The new regulation requiring us all to wear seat belts on buses was cancelled after five days. The charitable explanation: because of public opposition to the measure. This depends on the nice, but implausible, notion that the government cares what people think, at least about something.
The less kind explanation: our legislators let the new rules through without noticing that citizens who wished to know whether the law applied to them on any particular trip would have to ascertain the age of the bus. Whoops.

On one level, this is an everyday story of careless constitutional design. The reformed system is set up to stuff the legislative and consultative machinery with people who will tell the government what it wishes to hear. You can’t expect it to provide an accurate report of public opinion on anything, and it doesn’t.
On another level, this is a typical performance from a department which seems to have strong opinions of its own. Observant residents in Sui Wo Road are baffled by the apparently random placement of a variety of street furniture, culminating in the curious insistence on providing bus shelters in places where nobody will use them, while adamantly refusing to put them where they are needed.
In the days when I occasionally visited government departments to interview their occupants the Transport Department people came across as intelligent and thoughtful. No doubt they still do. But the results of their collective efforts are, alas, sometimes difficult to understand.

I am personally an enthusiastic user of seat belts. They have saved many lives, including mine. Tour buses, on my last trip to Europe, all featured seatbelts and we were regularly reminded that using them was a legal requirement.

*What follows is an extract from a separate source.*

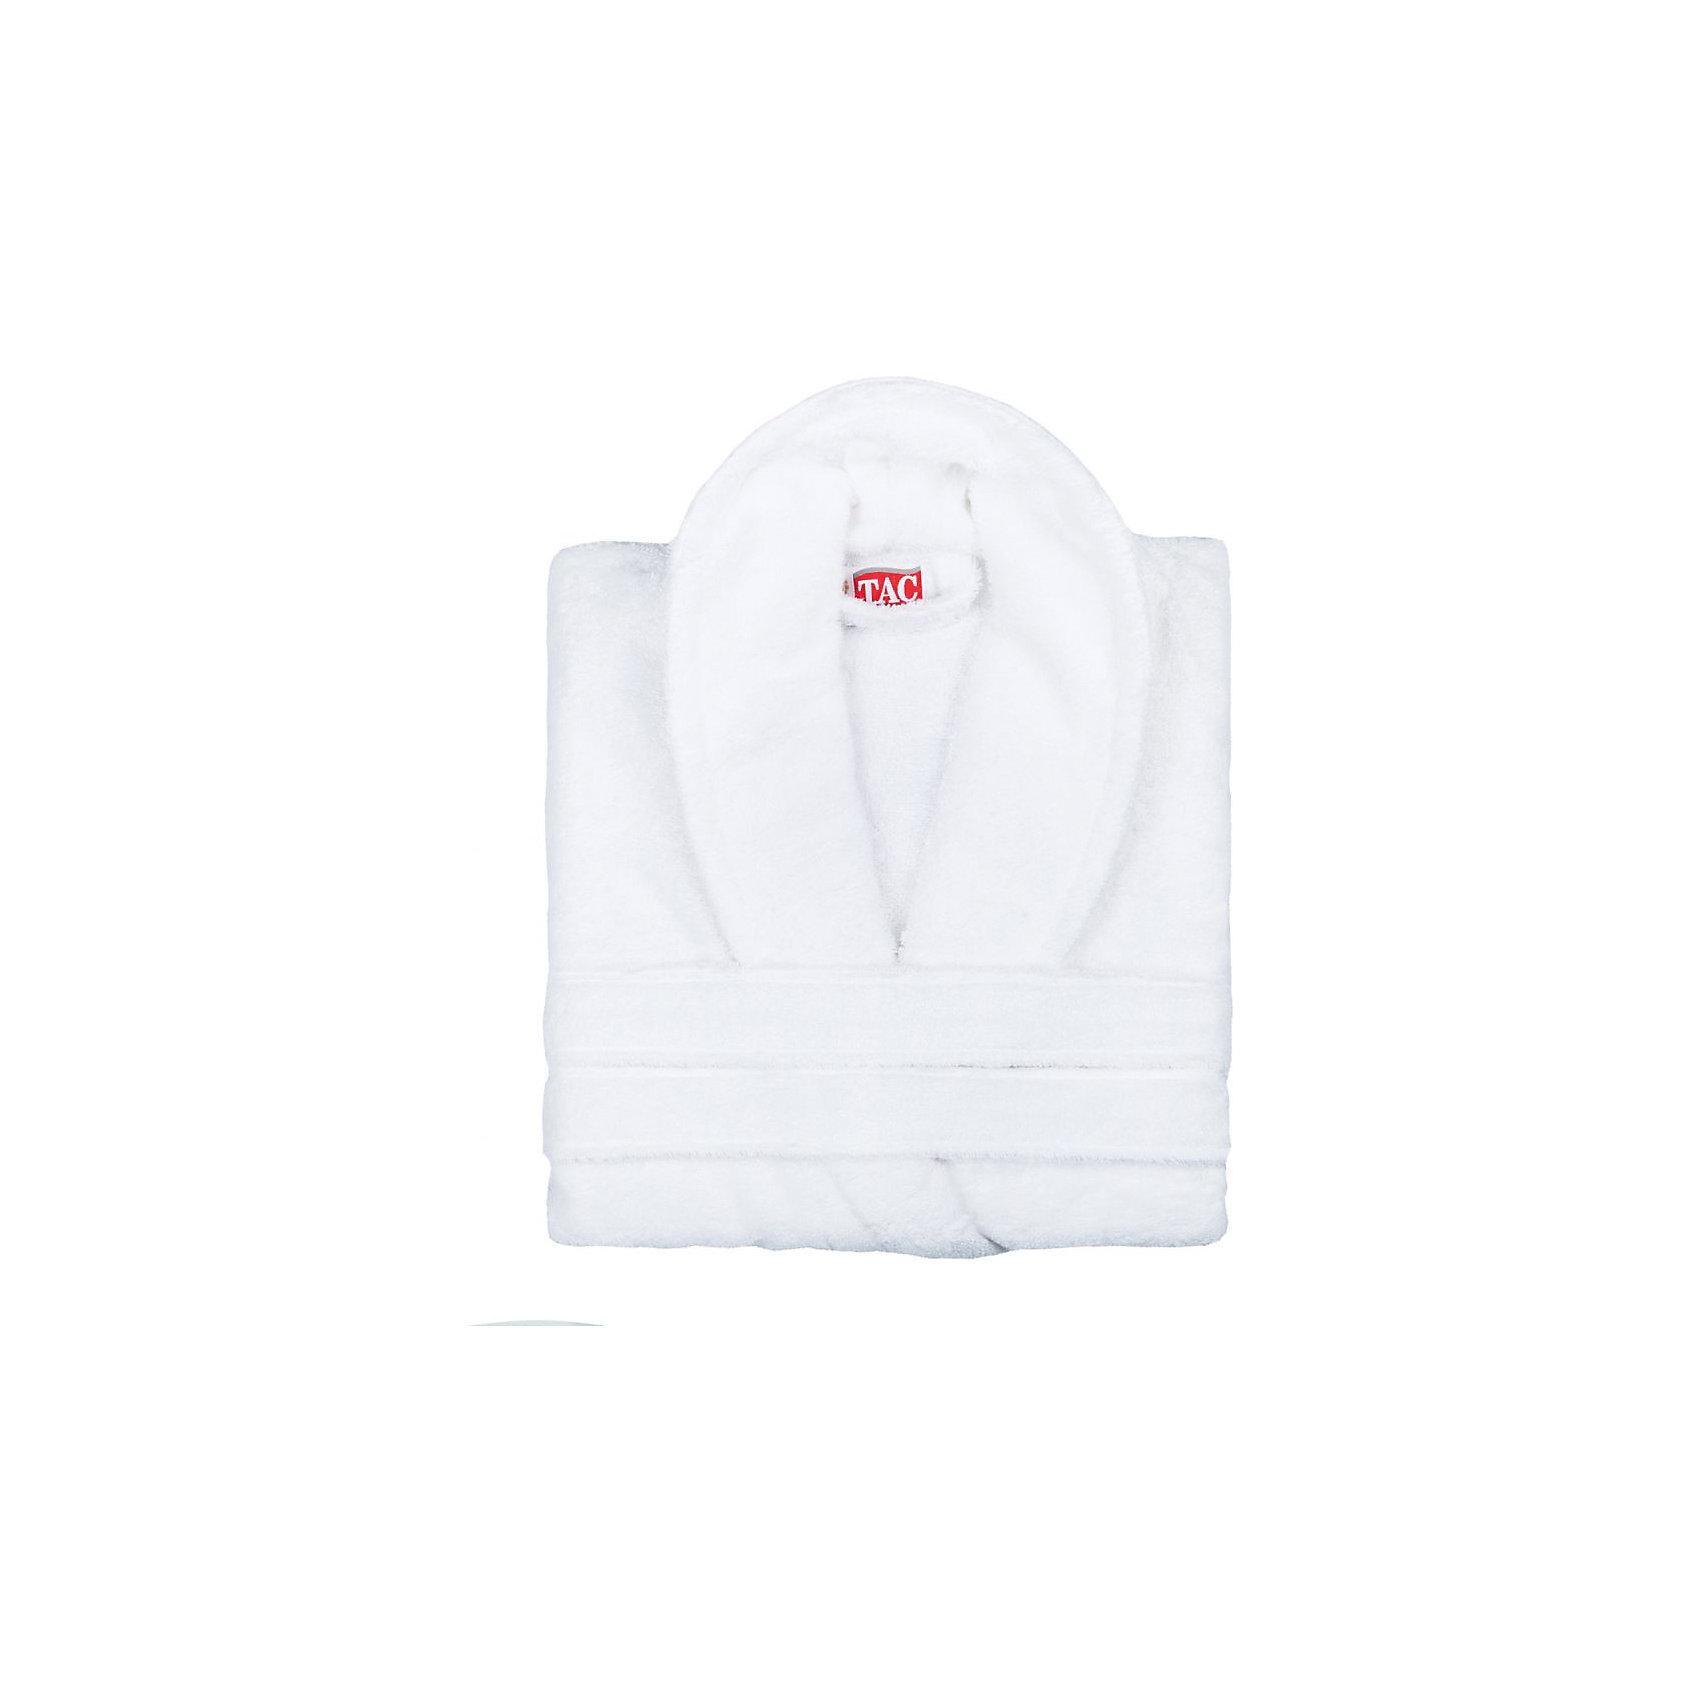 Халат махровый Maison Bambu, S/M, TAC, белый (beyaz)Ванная комната<br>Характеристики:<br><br>• Вид домашнего текстиля: махровый халат<br>• Размер международный/российский: S/M (42, 44, 46)<br>• Пол: унисекс<br>• Рисунок: без рисунка<br>• Материал: хлопок, 50% хлопок; бамбук, 50%<br>• Цвет: белый<br>• Плотность полотна: 320 гр/м2 <br>• Силуэт: прямой<br>• Рукав: длинный<br>• Воротник: отложной<br>• Застежка: пояс<br>• Вес в упаковке: 1 кг 030 г<br>• Размеры упаковки (Д*Ш*В): 39*10*29 см<br>• Особенности ухода: машинная стирка <br><br>Халат махровый Maison Bambu, S/M, TAC, белый (beyaz) от наиболее популярного бренда на отечественном рынке среди производителей комплектов постельного белья и текстильных принадлежностей, выпуском которого занимается производственная компания, являющаяся частью мирового холдинга Zorlu Holding Textiles Group. Халат выполнен из сочетания натурального хлопка и бамбукового волокна, что обеспечивает гипоаллергенность, высокую износоустойчивость, повышенные гигкоскопические и антибактериальные свойства изделия. Благодаря высокой степени плотности махры, халат отлично впитывает влагу, но при этом остается мягким. <br><br>Ворс окрашен стойкими нетоксичными красителями, который не оставляет запаха и обеспечивает ровный окрас. Изделие сохраняет свой цвет и форму даже при частых стирках. Халат прямого кроя с длинными рукавами и отложным воротником идеально подходит для посещения бани или сауны, а в прохладные вечера обеспечит комфорт и уют своему владельцу. Выполнен в белом цвете без рисунка.<br><br>Халат махровый Maison Bambu, S/M, TAC, белый (beyaz) можно купить в нашем интернет-магазине.<br><br>Ширина мм: 290<br>Глубина мм: 90<br>Высота мм: 400<br>Вес г: 1300<br>Возраст от месяцев: 216<br>Возраст до месяцев: 1188<br>Пол: Унисекс<br>Возраст: Детский<br>SKU: 5476355

But seat belts on a Hong Kong public bus? Regardless of the numbers painted on the side they are, at busy times, packed. The driver has no control over the number of passengers admitted, and quite understandably imposes a limit only when the number of standing passengers threatens to block his view of the nearside wing mirror. Insisting that the seated passengers should wear a belt seems a bit of a token gesture.
Anyway, many writers have chewed over the transport aspects of this matter. What I thought should have been given a bit more thought was the matter of penalties for not belting up. Of course, there must be some penalty or the rule will not be taken seriously, but what on earth was going through the head of the person who thought it appropriate to threaten offenders with three months in prison?

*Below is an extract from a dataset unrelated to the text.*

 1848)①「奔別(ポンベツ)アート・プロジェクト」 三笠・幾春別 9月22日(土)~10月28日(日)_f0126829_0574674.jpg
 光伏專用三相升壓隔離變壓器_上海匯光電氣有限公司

Failing to fasten your seat belt is, as the late lamented Judge Caprio used to put it, “not an offence of gross moral turpitude.” It is a victimless crime, in the sense that the only person likely to be hurt as a result of failure to fasten is the perpetrator. Most offenders will have been guilty of nothing worse than absent-mindedness.

Willingness to jail people for this minor offence sits uneasily with the government’s total helplessness when faced with equally minor offences committed by people who can afford cars of their own, and the general immunity enjoyed by the perpetrators of potentially dangerous peccadillos like double parking in busy streets or obstructing roads reserved for emergency use.
Not wearing a belt is surely the sort of offence which can be easily and quickly dealt with by the issuing of a fixed penalty ticket, preferably for some modest sum within the means of bus travellers, who are not a wealthy bunch.
Sending people to prison for a few weeks used to be common in many jurisdictions but is now often considered an abuse to be avoided as far as possible. It inflicts the sort of disruption which makes a return to law-abiding citizenship difficult; the prisoner may lose their job, home or spouse. At the same time, it provides no opportunity for the sort of rehabilitative and educational activities which can form the constructive part of a prison sentence.
The inmate is more likely to emerge resentful than reformed.
Our government seems, sadly, rather over-enthusiastic these days for throwing people into prison, regardless of their age or condition. This may be a difficult point to put across to retired policemen turned politicians, but the government is in some ways different from a police force.
Success in police work may be measured by the number of criminals jailed. Success in government is measured by the happiness of the governed. Are we happier this week?